Although they will only be observers in the court, the plaintiffs from all three DACA suits, who met at a gathering last month in Washington, D.C., have been using what will be a national moment to call attention to their cause. 

Carolina Fung Feng, 30, who is taking part in a march from New York to D.C, made it to Baltimore on Friday with more than 30 other New Yorkers. Together, they plan to walk a distance of more than 200 miles in 18 days.

“We have been welcomed by a lot of communities that we’ve come across on our journey but we’ve also encountered a couple of hecklers who yelled mean things to us,” said Fung Feng.

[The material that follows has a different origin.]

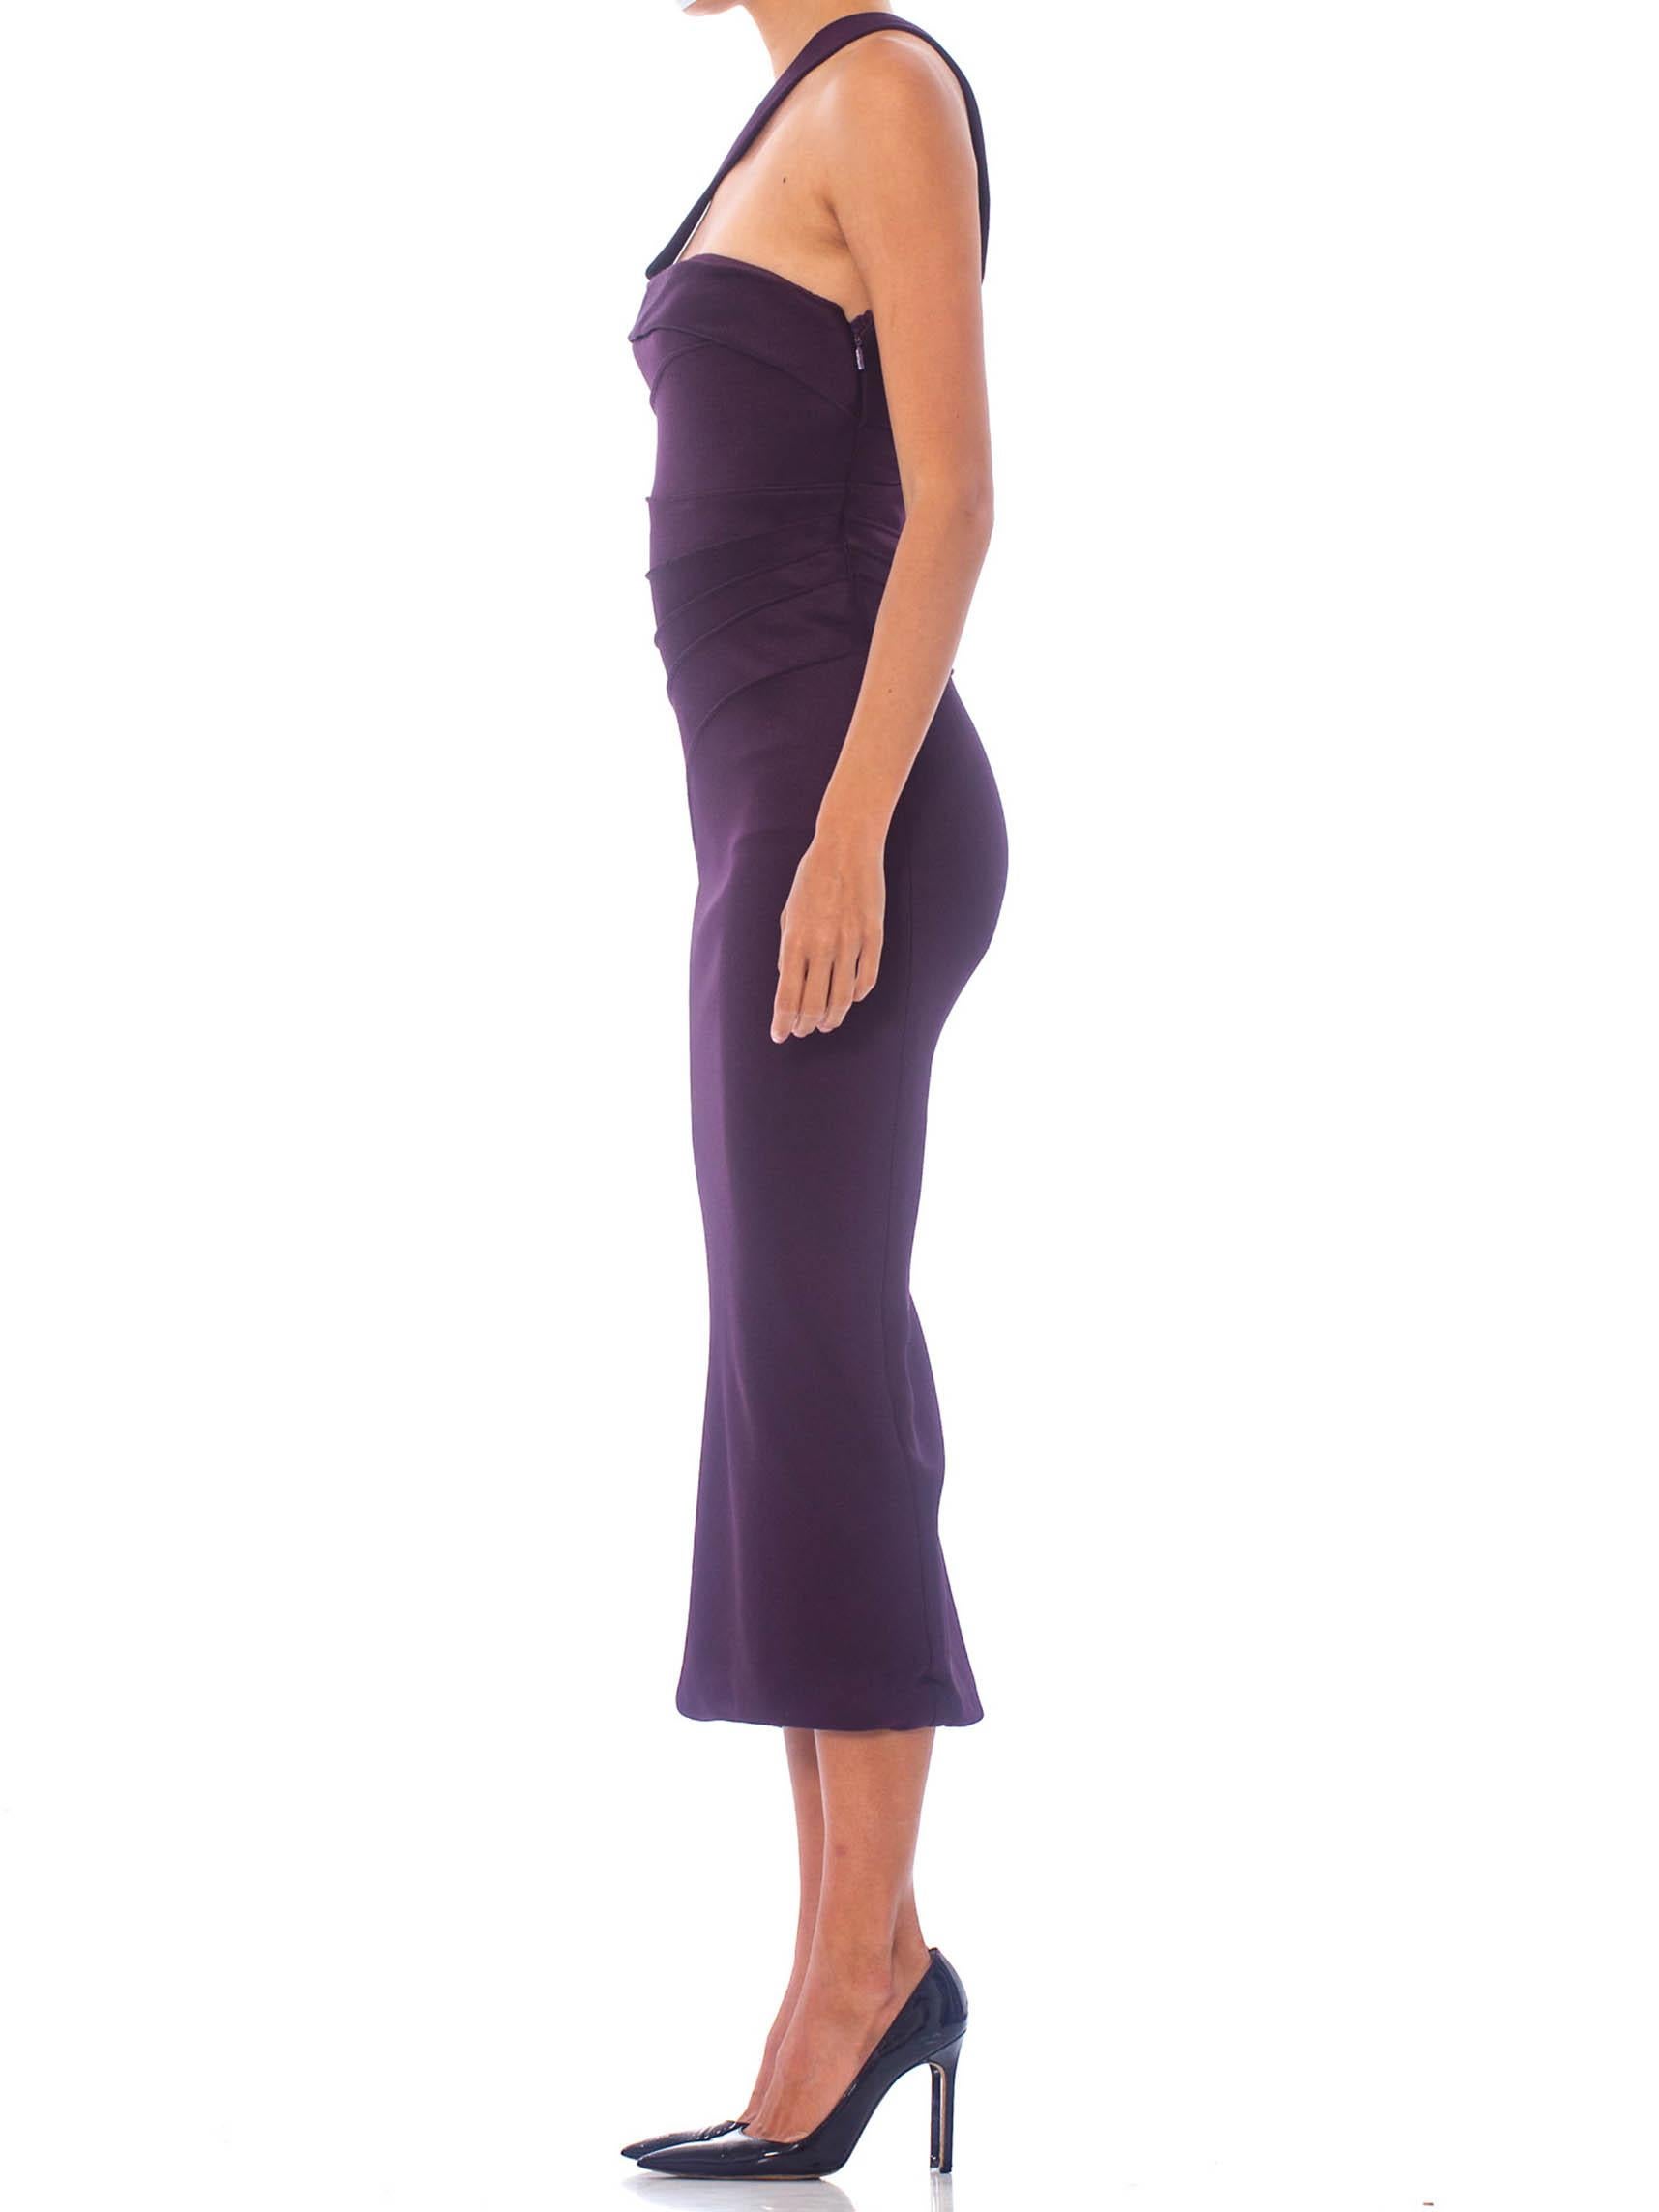 2000S DONATELLA VERSACE Eggplant Rayon Blend Jersey One Shoulder Strapless Sexy For Sale 1

They in turn responded by chanting slogans like “Say it loud, say it clear, immigrants are also here.”

She said they stayed overnight at churches and with community organizations. Some people even volunteered to wash their clothes.

Fung Feng, whose parents are Chinese, came from Costa Rica at age 12, and grew up in Washington Heights. She was already in college when DACA was created in 2012, but the program enabled her to work legally and she now holds a job at a public library in Brooklyn helping adults who didn’t finish their high school degrees.

Queens resident Martin Batalla Vidal, 29, was the very first DACA recipient to sue the federal government back in 2016, after the state of Texas successfully won a lawsuit to reduce the duration of DACA work permits from three to two years. While he wanted to march at least part of the way to D.C., he said he can't afford to take off from work.

“At first I was scared like everybody else because I was going up against the government,” he said. “But at the end of the day, somebody has to be brave enough to be the face of the lawsuit.”

Vidal was brought to the U.S. from Mexico when he was seven, and worked for several years after graduating high school when he couldn’t get aid to go to college. He said he was initially skeptical of DACA, worried the government might use it to locate his undocumented mother. But he eventually applied and immediately started getting better jobs.

“Most of the places, they use the E-Verify,” he said, explaining that he was limited to minimum wage jobs at places that didn’t really check for documents. “So once I was able to get that Social Security, I started working in fast food. But in less than a year I was a shift manager and then a supervisor and then [general manager].”

Vidal is now a certified nursing assistant providing rehabilitation to patients with traumatic brain injuries, while finishing a degree at LaGuardia Community College. 

If the Supreme Court sides with the Trump Administration when it issues a decision on DACA next year, the plaintiffs would lose their legal protections, work authorization and could face deportation. Vidal and Alarcon acknowledge that’s a scary prospect.

Alarcon was able to visit family in Mexico by having DACA. He’s now a Census coordinator at Make the Road New York, which is also a plaintiff along with New York, Washington, D.C. and 15 other states. He called immigration the civil rights movement of the 21st century.

“I think there's a lot of fear and a lot of concerns, but we know that is a community,” he said. “We will fight back just as we have been doing over the last three years.”

Vidal said they’ll continue fighting for Congress to give them and millions of other undocumented immigrants legal status. He said polls show most Americans support DACA.

"DACA recipients are nurses, lawyers, doctors,” he said. “We just contribute to the economy just like everybody else.”